Il periodo tra marzo e giugno 2020, in cui si dispiega a pieno l’impatto dell’epidemia, registra complessivamente 29.268 assunzioni (-40% sul corrispondente periodo del 2019), 40.018 cessazioni (-17,3% tendenziale) con un saldo complessivo tra ingressi e uscite di -10.750, in confronto al + 414 tra marzo e giugno del 2019.

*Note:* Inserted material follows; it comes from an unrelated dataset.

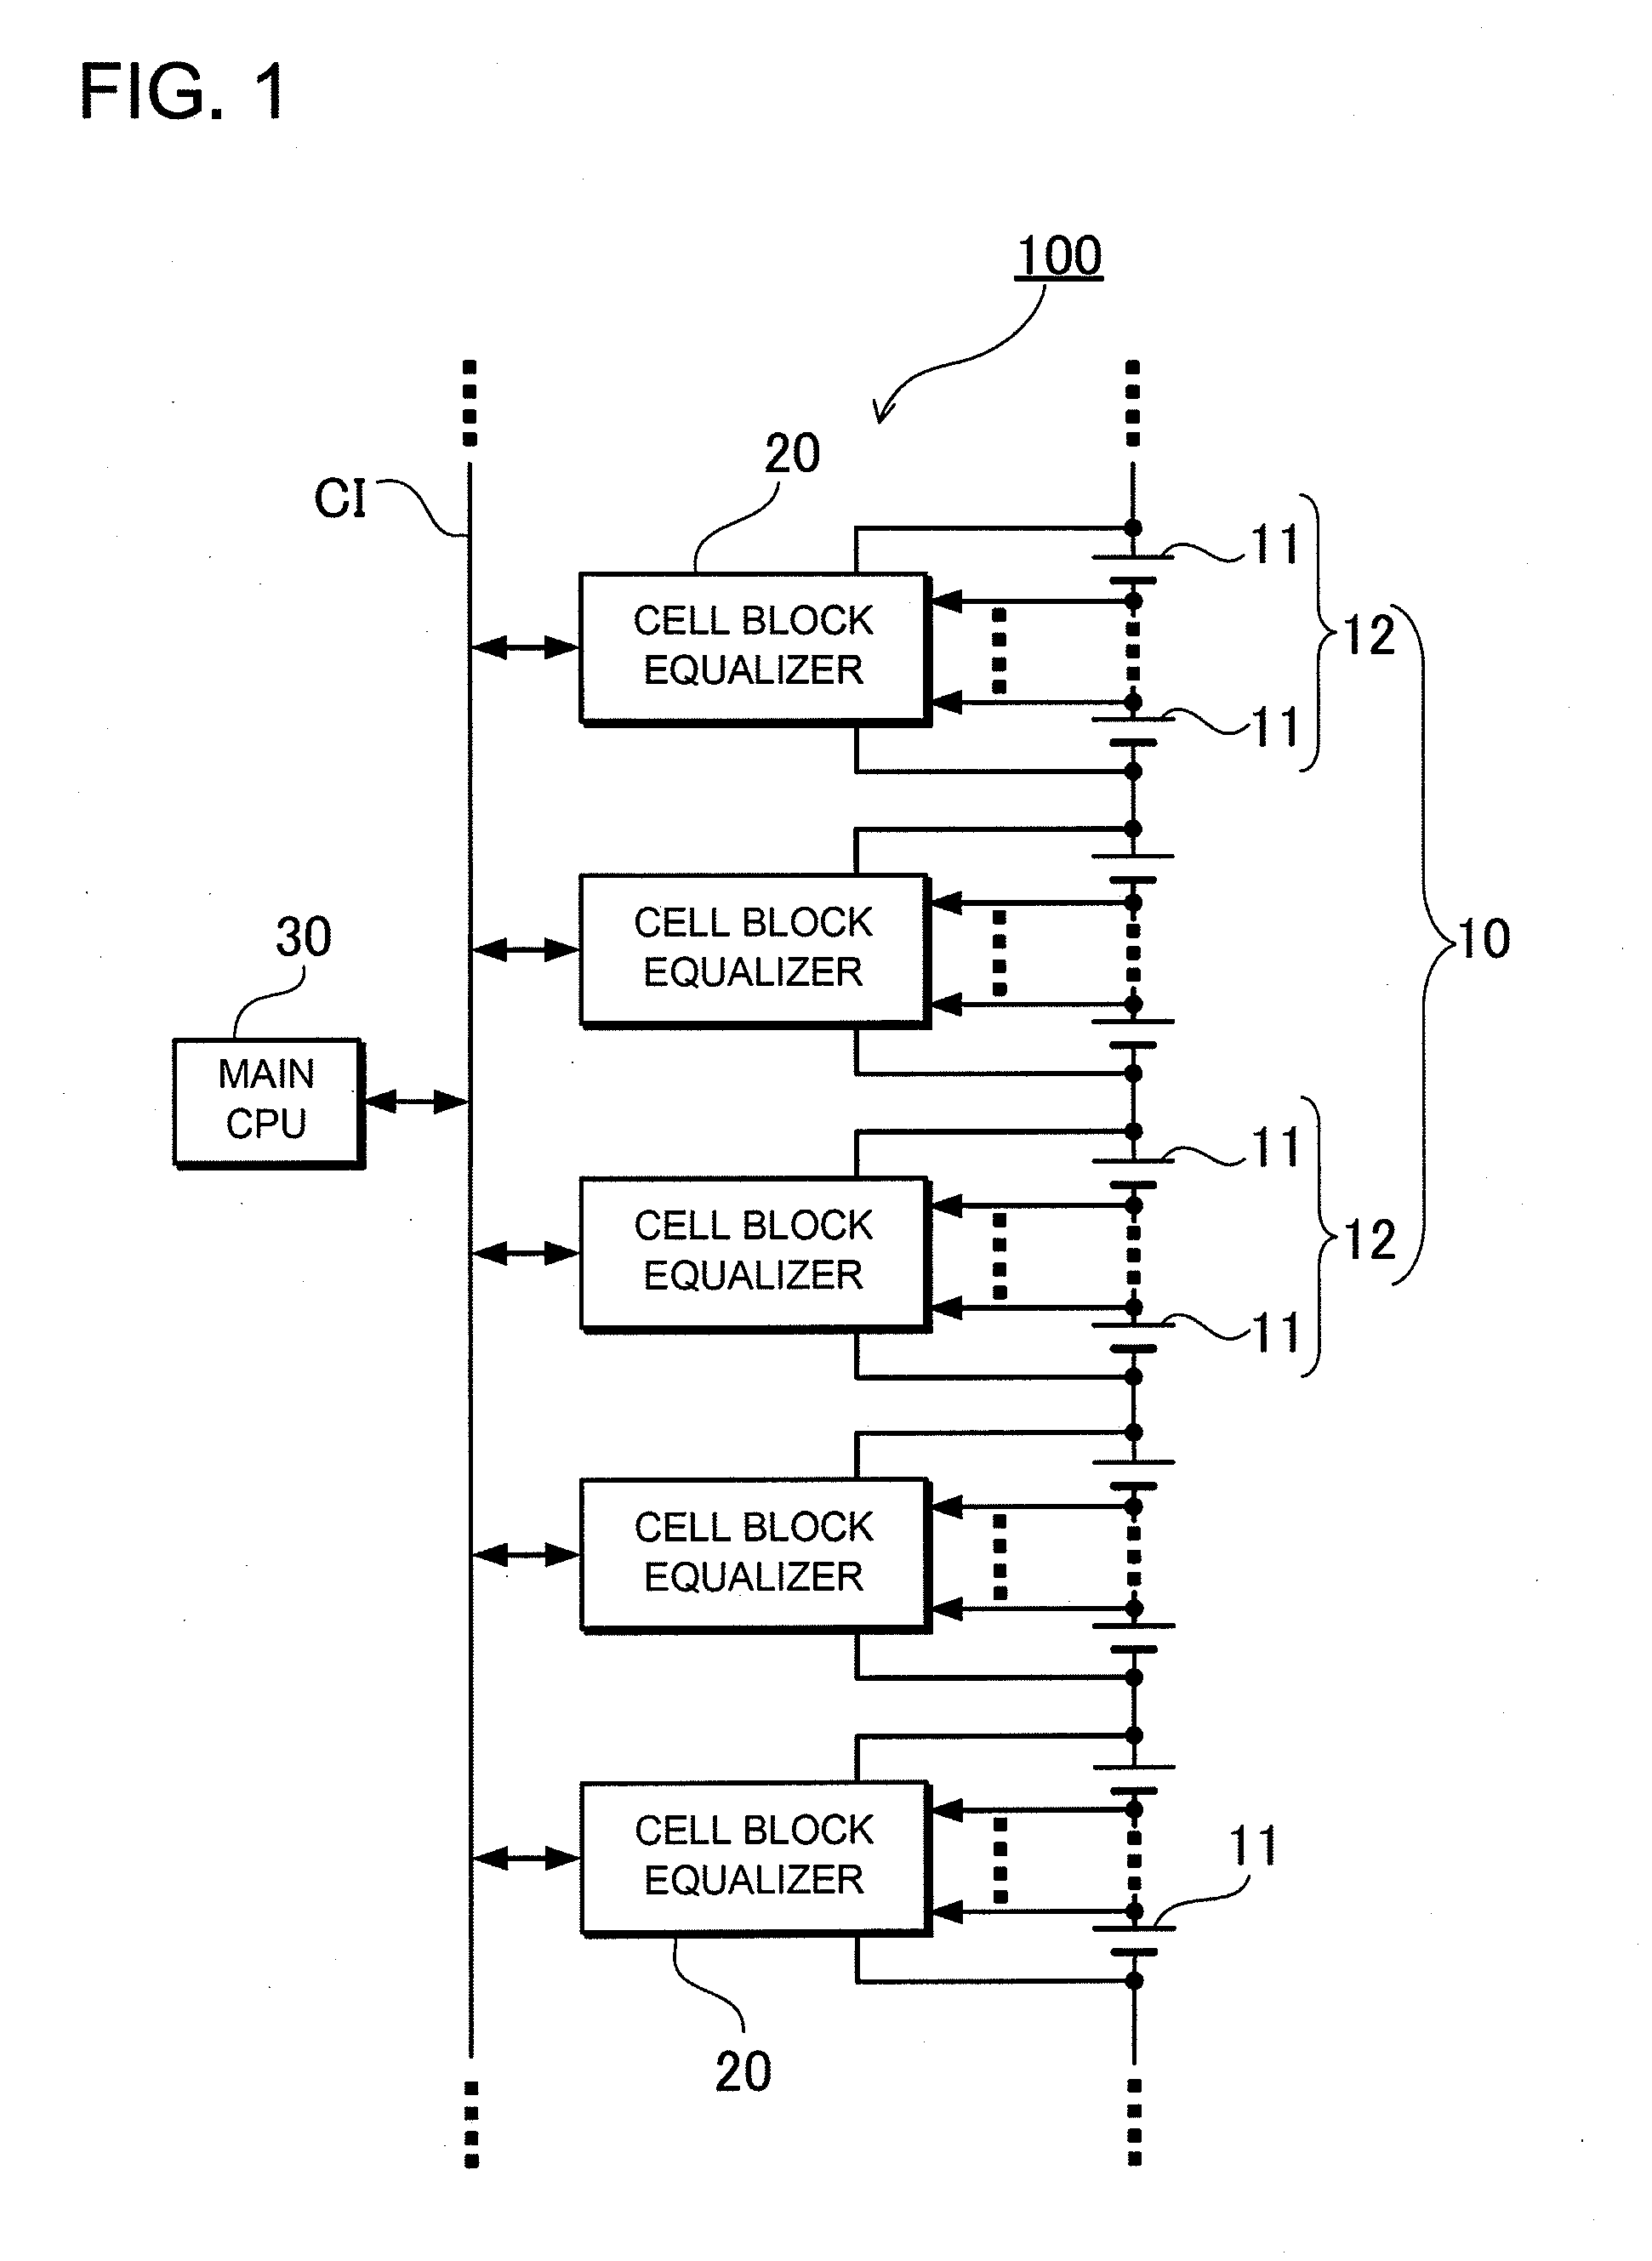 Power supply device capable of equalizing electrical properties of batteries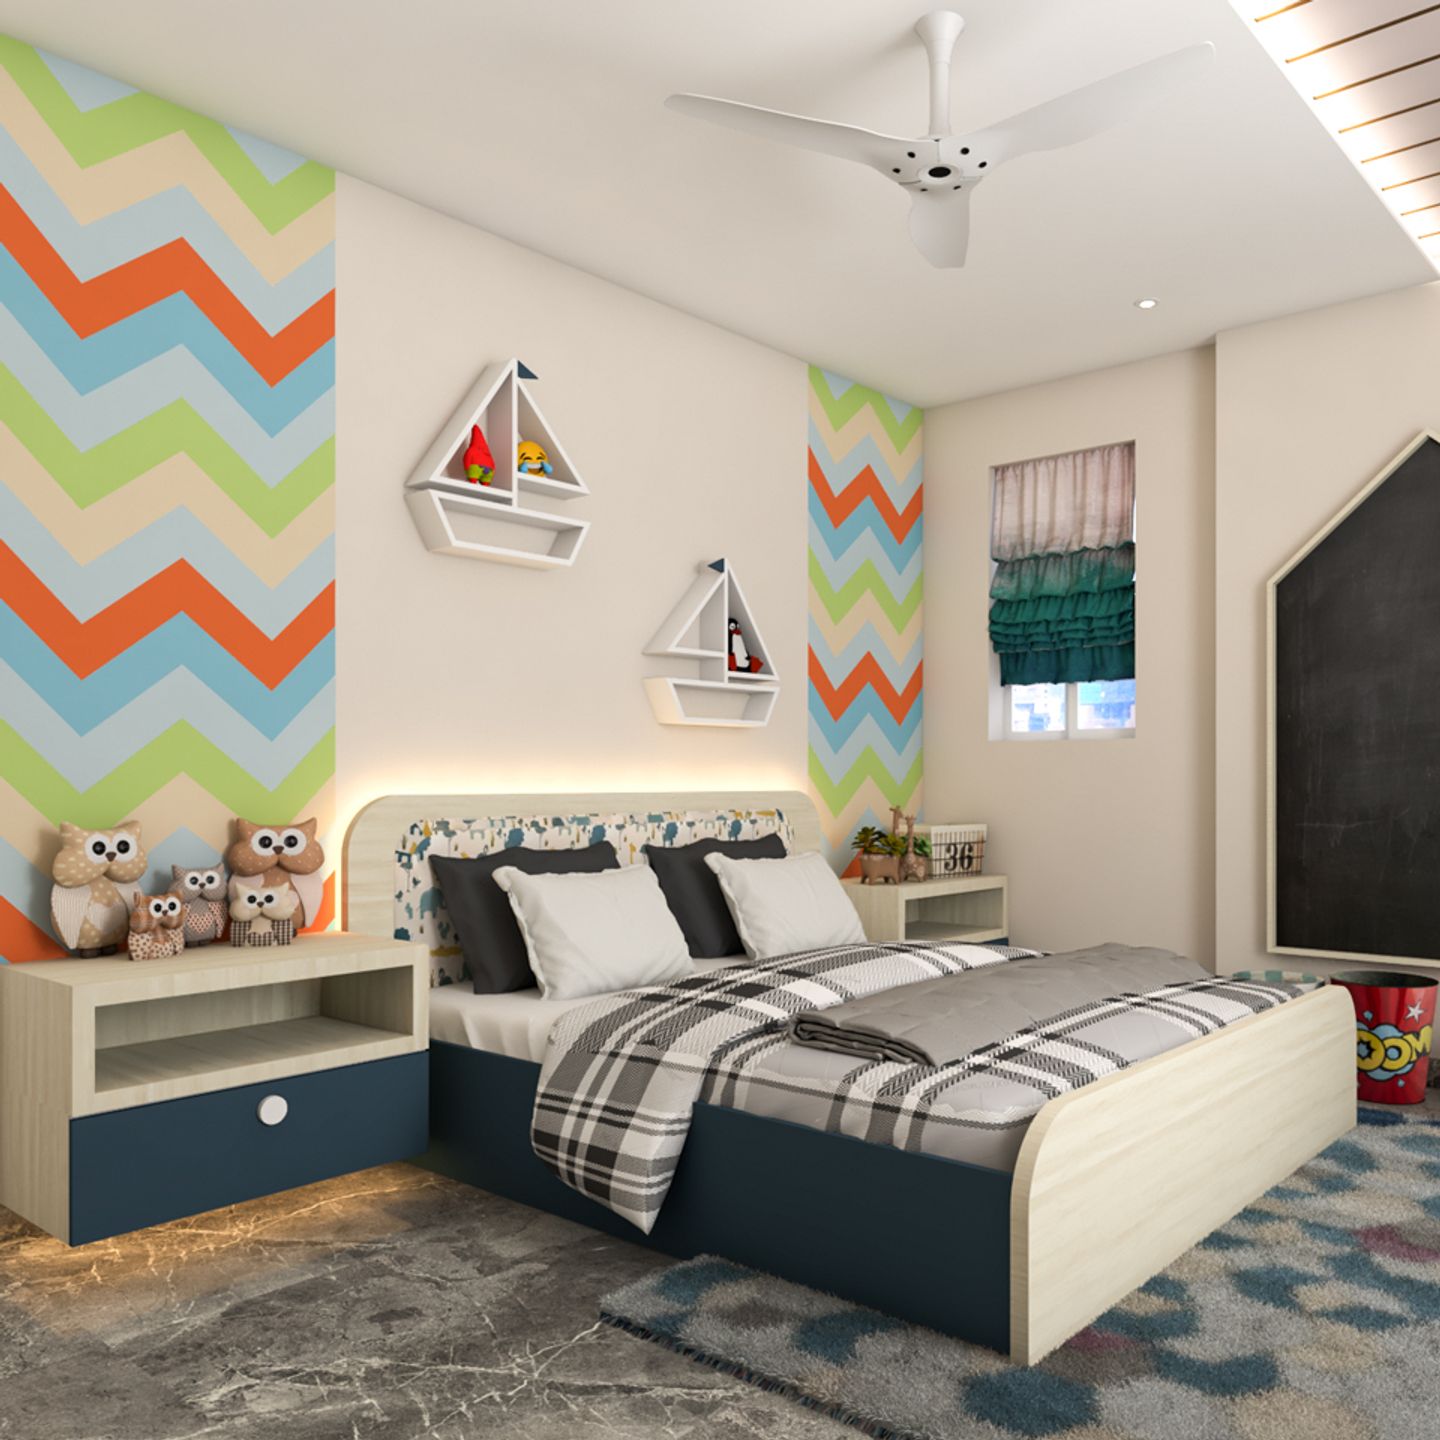 Multifunctional-Modern Kids Bedroom Design With Colourful Interiors - Livspace

Al livello dei macro settori di attività economica, il saldo è positivo e non distante dai valori del 2019 per l’agricoltura, con una crescita annualizzata però esigua (+129 posizioni dipendenti negli ultimi 12 mesi). Le costruzioni, dopo i saldi negativi di marzo e aprile, segnano un recupero a maggio (+505) e a giugno (+433) con una variazione annualizzata di 961 posizioni. L’industria registra un saldo ancora negativo, per il quarto mese consecutivo, ma in miglioramento rispetto a marzo e aprile. Il saldo complessivo degli ultimi dodici mesi (-3.156, con valori compresi tra il +41 della farmaceutica e il –722 della fabbricazione di prodotti in metallo) è sostanzialmente invariato tra maggio e giugno. Nel commercio e servizi il saldo annualizzato (-5.688) è negativo e in peggioramento. Nei sottocomparti del terziario il saldo è di -1.912 nei servizi di alloggio e ristorazione, -1.740 nei servizi di supporto alle imprese, -707 nel commercio, -485 nei servizi collettivi (sanità, assistenza sociale, istruzione, P.A.), -366 nelle attività d’intrattenimento, -487 negli altri servizi alle persone; solo nei servizi di informazione e comunicazione il dato è marginalmente positivo.